Thursday, January 26, 2017

HBS case : Lincoln Electric - Venturing Abroad

The case:

Lincoln Electric: Venturing Abroad

1. How was Lincoln Electric’s successful for so many years? Does Lincoln’s experience contradict Hertzberg’sassertions (motivation-hygiene theory) or does it support them? Please pay special attention to the way Hertzberg seems to be defining “motivation”.
            Lincoln Electric’s incentive system of piecework, annual bonus and guaranteed employment provided a positive factor that led to its success over the years. What happened in Lincoln Electric is anything but contradictory to Hertzberg’s findings. Hertzberg had identified intrinsic and extrinsic factors in the workforce motivation. According to him, intrinsic factors such as personal growth, recognition, work itself, and autonomy tend to be important in individualistic country such as United States. However, extrinsic factors such as pay, working conditions, fringe benefits tend to be important in collectivistic societies such as Japan. Its subsidiaries in Canada and Australia did not face same problems as they did in Japan and Venezuela because its US centric incentive system was more attuned in these countries.

2. How did Lincoln failed to turn a profit on so many of the operations it acquired in other countries? Could its vaunted compensation system have worked in some of those operations?
            When Lincoln Electric expanded its operations internationally, it applied its US based incentive system elsewhere also. It did not take into account legal and cultural differences across the globe. For example, Europeans pay more value to vacation than to pay.  Such oversight was the root cause of its failure overseas. It is interesting to note that its compensation system in its fullest would not have worked abroad.
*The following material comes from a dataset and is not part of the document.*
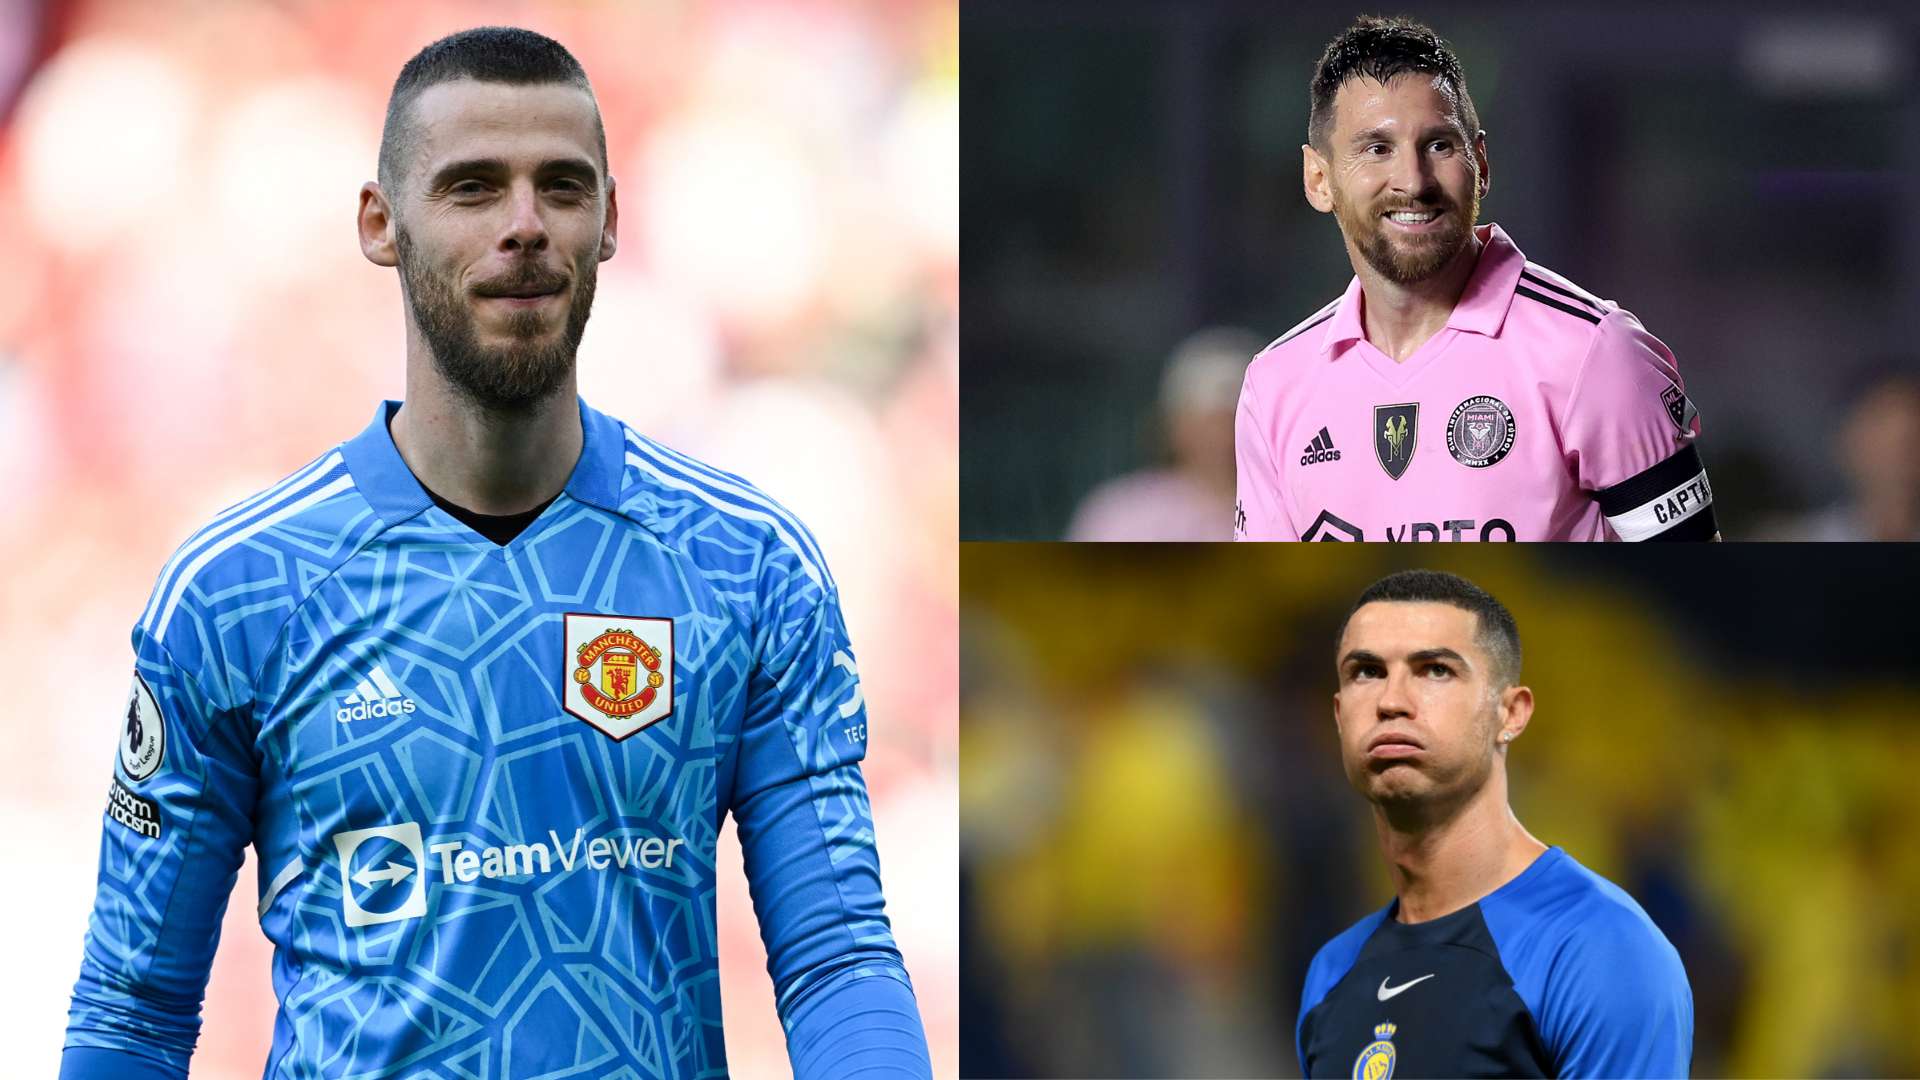 David de Gea may have to choose between playing with Lionel Messi or Cristiano Ronaldo

In Germany, its vaunted piecework system is actually illegal.

3. Should Lincoln Electric proceed with its investment in Indonesia in 1996? If so, how? What should the company’s approach be to employee compensation?
            Its decision to invest in Indonesia must be made separate from its US centric corporate policies rather it must evaluate other risks and return factors. It must consider political stability, market size, legal environment, profit expectations as wells as cultural nearness. For the employee compensation, it must modify its US based employee compensation policy to match the host country’s cultural environment. It must be noted that Indonesia is falls into a collectivistic society spectrum. More attention must be paid to workplace environment than to intrinsic factors as Hertzberg’s assertions suggest.